General Embryology, Biology tutorial

Introduction:

Embryology is the study of developmental changes (structurally and physiologically) that a zygote goes through till formation of the adult form. Study of all the sequential systematic procedures includes developmental biology or embryology. Developmental biology comprises the study of (i) ontogenic development that involves transformation of fertilized egg into new adult. (ii) phylogenetic development that involves steady transformation of forms of life. Embryonic development comprises fertilization, gametogenesis, blastulation, cleavage, gastrulation and organogenesis.

Gametogenesis:

It comprises fusion of gametes to create diploid zygote. Yolk is the morphological term utilized to explain reserve food in oocyte, neutral fats, formed of proteins, phospholipids, carbohydrates and glycogen. Procedures of synthesis and accumulation of yolk is known as as vitellogenesis. Based on distribution and amount of yolk eggs are categorized in following categories.

I) Based on Amount of Yolk:

1. Microlecithal: Small sized egg having only a small amount of yolk or reserve food. Like Amphioxus, sea urchin, starfish. According to some scientists, alecithal term is also utilized, meaning no yolk, but this term is not suitable as no egg is without yolk.

2. Mesolecithal: Eggs having reasonable amount of yolk. Like amphibians.

3. Macrolecithal: Eggs having huge amount of yolk. Like reptiles, birds.

II) Based on Distribution of Yolk:

1. Isolecithal: In microlecithal eggs amount of yolk is very little that it is equally distributed throughout the egg cytoplasm. Like protochordates and echinoderms.

2. Telolecithal: In mesolecithal and macrolecithal eggs yolk is concentrated in lower part of egg (vegetal pole), whereas upper part is yolk free known as animal pole. Like reptiles and birds.

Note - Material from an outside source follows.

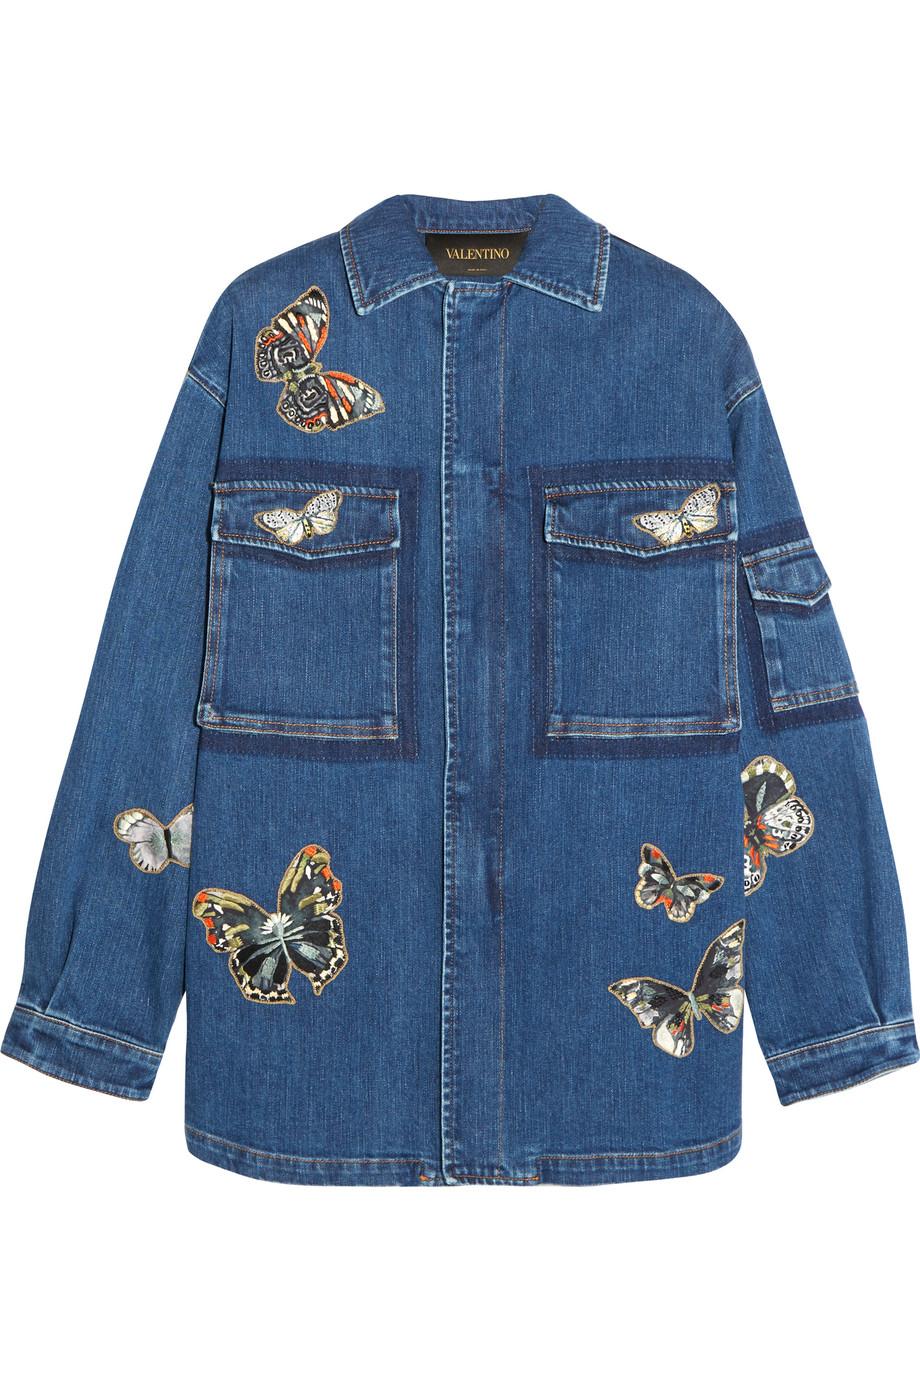 Valentino Butterfly-Appliquéd Stretch-Denim Jacket, Size: 42

3. Centrolecithal: In macrolecithal eggs the yolk is concentrated in centre of the egg with cytoplasm surrounding it. Like insects.

Kinds of Egg Membranes:

I) Primary Egg Membranes: Formed outside plasma membrane of the oocyte secreted by the follicle cells. These are of given kinds:

1. Vitelline membrane: Closely applied to plasma membrane, found in insects, molluscs, amphibians and birds formed of mucopolysaccharides and fibrous proteins.

2. Zona radiata: It is striated in appearance or perforated by tiny pores, discovered in sharks, bony fishes, few amphibians and reptiles.

3. Zona pellucida: It is unstriated in appearance, created by secretions of ovum and the follicle cells, found in mammals.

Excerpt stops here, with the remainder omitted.